Some of my (Colby) fans have asked me to recount a day in the life of a pre-doctoral graduate fellow at the Smithsonian Institution. I am working on my dissertation research which is aimed at understanding the social networks that may have existed among people living in the Kuril Islands in the Russian Far East some 800 to 3,000 years ago. By using obsidian artifacts and tracing them to their volcanic source, I hope to understand where the obsidian came from, the routes and extent that people moved through in the Kuril Islands, and how people might have participated in local as well as regional social networks to maintain reproductive success and access to subsistence resources.
However, unlocking these secrets of the past requires me to spend 8 hours a day in front of various instruments using elemental analysis methods to determine the geochemical make-up of each of my 1,300 obsidian flakes. The instrument pictured above is a laser-ablation inductively-coupled mass-spectrometer (LA-ICP-MS). Each obsidian flake is put into a chamber where a laser vaporizes a tiny amount of the flake, and this vapor is transported by argon gas into a plasma ion source at 8000 deg. C where ions are generated and separated and then collected according to their mass to charge ratio. Unknown specimens (elements) can then be identified and measured by this extremely sensitive instrument.
I have also used X-ray fluorescence (XRF) on a part of my artifact sample. XRF utilizes an X-ray source to excite electrons in the obsidian material, causing ionization of the component atoms that releases energy when the electrons move out of their shells. The energy (fluorescence) is measured by a detector and the instrument determines the elemental composition of the sample material (for the Mid-Z elements).
So on a typical day, I arrive at the lab about 8:30am and pick up where I left off in running my artifact samples through analysis. Sometimes this requires testing the instrument settings and making adjustments, and re-running samples that returned ambiguous or suspect results. After a break for lunch from about 12:30-1:00pm, its back in front of the instrument for another four hours or so until its time to pack up and catch the Smithsonian shuttle back downtown so I can take the DC Metro home.

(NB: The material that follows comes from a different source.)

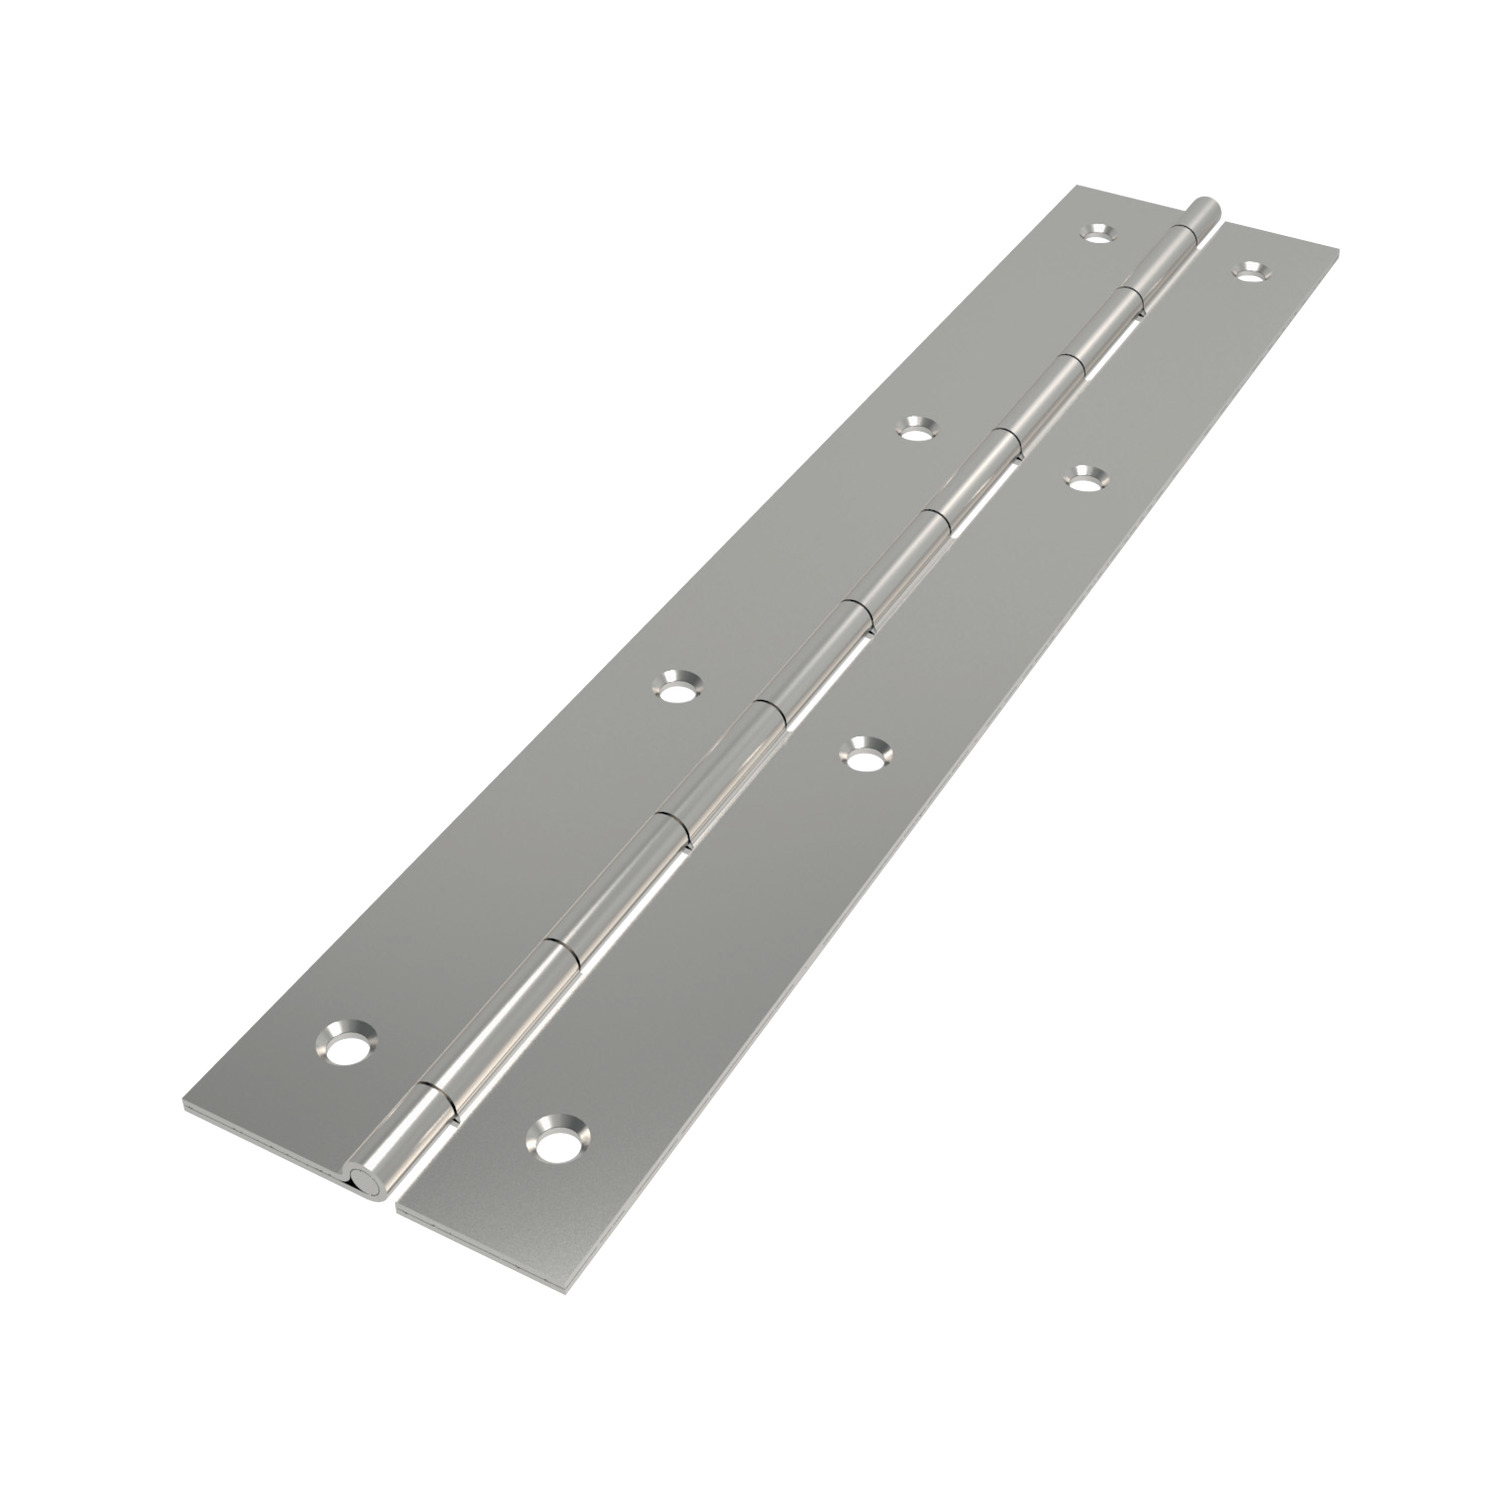 Surface Mount - Piano Hinges Surface screw mount piano hinges, made from stainless steel (AISI 304) with satin finish. For weld on versions see S0050.

The work can be slow-going and tedious, but at times there are interesting discoveries, and often frustrating technical glitches, to break up the day. This is Science with a capitol 'S'.
2 comments:
como say what???
Thanks for giving us a peek at your research Colby. What better place to be than hunkered in than at the Smithsonian for the summer with access to the best equipment, and fellow archaelogists/researchers to assist you.